Collegiate athletic conference

The Great Plains Athletic Conference (GPAC) is a college athletic conference affiliated with the National Association of Intercollegiate Athletics (NAIA). Member institutions are located in Iowa, Nebraska, and South Dakota. The conference was founded in 1969 as the Nebraska Intercollegiate Athletic Conference (NIAC), later becoming the Nebraska–Iowa Athletic Conference (1992) before being renamed the Great Plains Athletic Conference (2000).

==History==

The Great Plains Athletic Conference was founded on September 22, 1969, as the Nebraska Intercollegiate Athletic Conference (NIAC). The first president of the conference was Art Nicolia (NWU) while Glen Hinkle (Doane) was the vice president and Roger Olsen (Dana) was the secretary/treasure. Jack Anderson (NWU) was named the first publicist on February 28, 1970. The six charter members were Concordia University, Dana College, Doane University, Hastings College, Midland University, and Nebraska Wesleyan University. With the addition of Northwestern College in 1992, the NIAC was renamed the Nebraska–Iowa Athletic Conference. The NIAC became the Great Plains Athletic Conference in 2000 with the addition of Dakota Wesleyan University, Dordt University, Mount Marty University, and the University of Sioux Falls. Later, Briar Cliff University and Morningside University joined the GPAC in 2002 and 2003 respectively. The College of Saint Mary, a women's only institution, joined in 2015. In 2018, University of Jamestown joined the conference as a full-member, while Presentation College joined the conference as an associate member. All former members of the NIAC remain affiliated with the GPAC except for Dana College, which closed in 2010, the University of Sioux Falls, which left the conference in 2011, and Nebraska Wesleyan University, which left the conference in 2016. Paul Clark was the commissioner of the GPAC when it formed in 2000. Corey Westra in Sioux City, Iowa, is the current commissioner of the league.

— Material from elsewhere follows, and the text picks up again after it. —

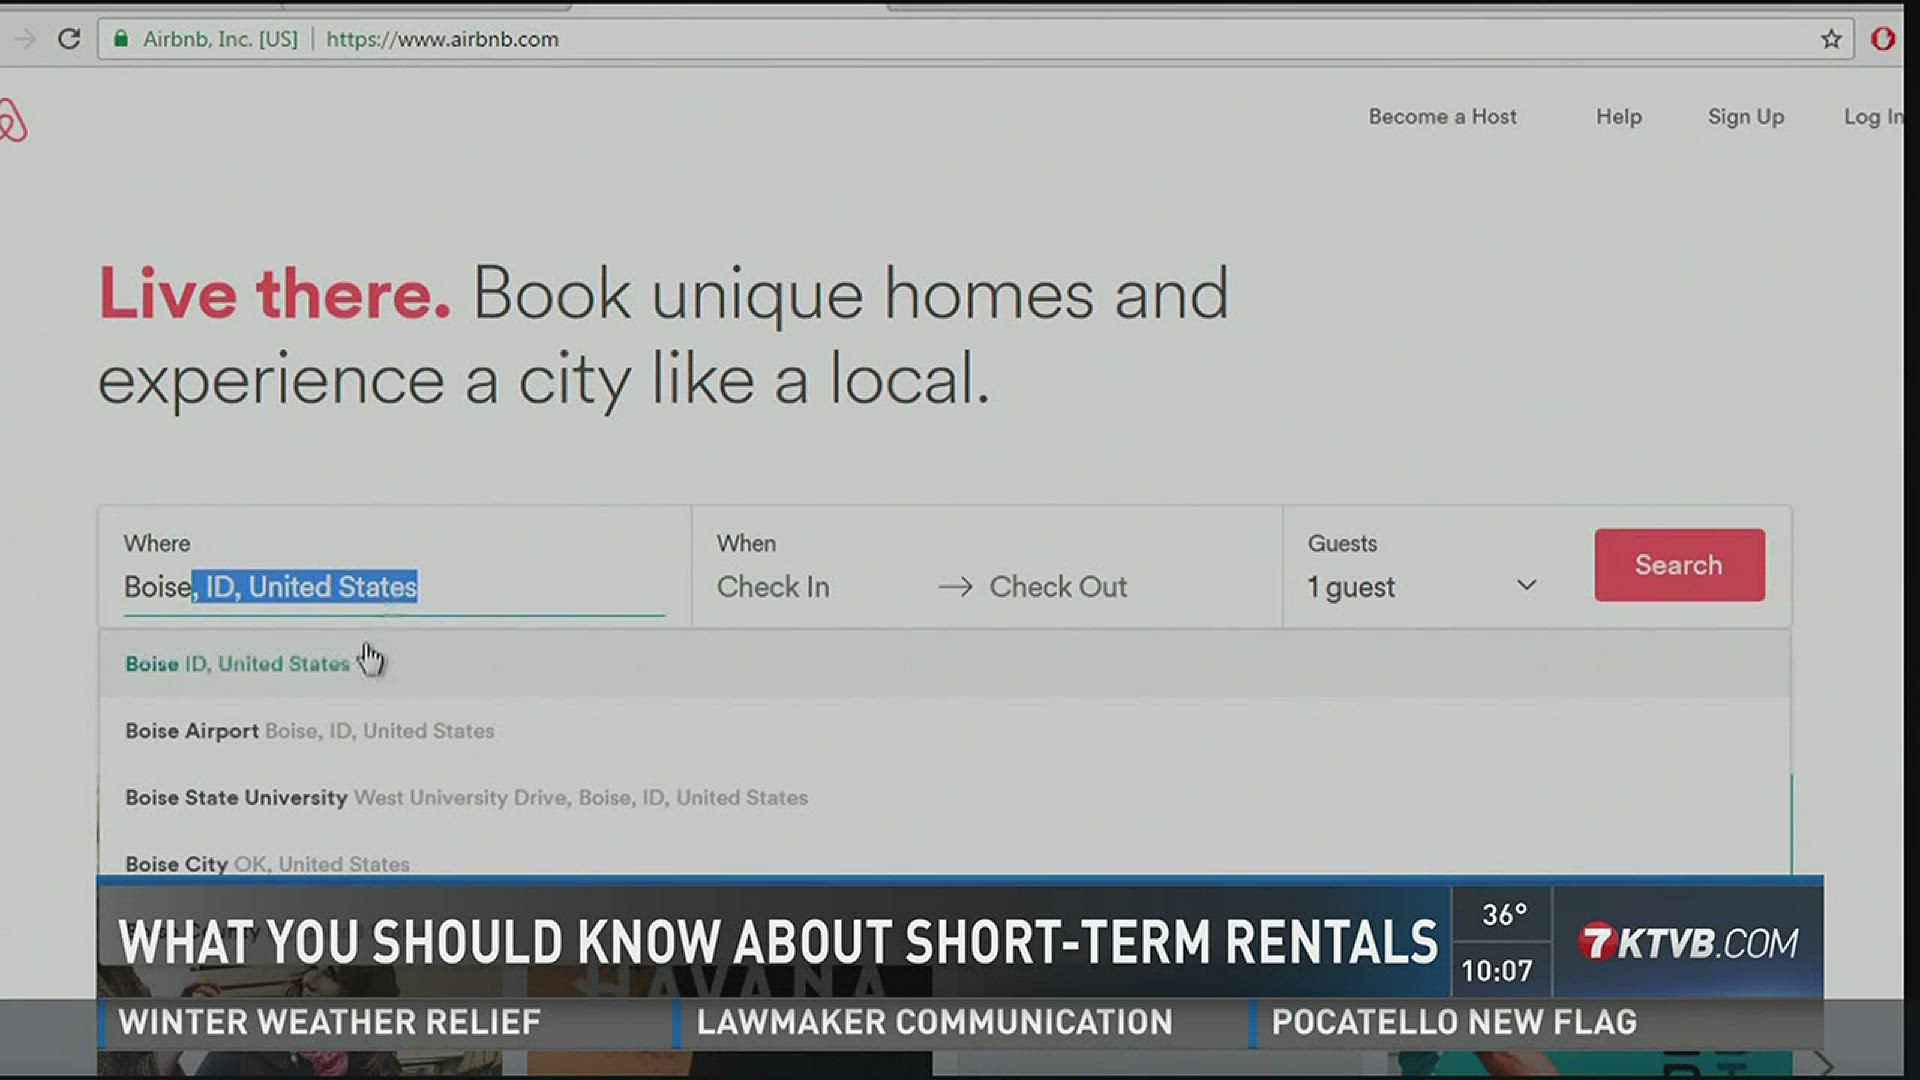 What you should know about short-term rentals.

On January 17, 2023, Presentation College ended its affiliate status with the GPAC as it closed effective October 31, 2023.

On September 18, 2023, the GPAC had extended an invitation to Waldorf University as their newest full member of the conference, effective beginning the 2024–25 academic year; although at that moment, the university was already an affiliate member in both men's and women's soccer.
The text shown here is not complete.